PROBLEM DESCRIPTION:
Given the material below, return only the lines starting at the line with "Candace Owens is" and ending at the line with "by Mark Stein", exactly as they appear.

DATA TO EXAMINE:
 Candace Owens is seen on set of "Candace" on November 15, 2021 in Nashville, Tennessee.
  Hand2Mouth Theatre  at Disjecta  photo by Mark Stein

==

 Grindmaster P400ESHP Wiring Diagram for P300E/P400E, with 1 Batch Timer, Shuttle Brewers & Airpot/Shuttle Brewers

EXERCISE RESPONSE:
 Candace Owens is seen on set of "Candace" on November 15, 2021 in Nashville, Tennessee.
  Hand2Mouth Theatre  at Disjecta  photo by Mark Stein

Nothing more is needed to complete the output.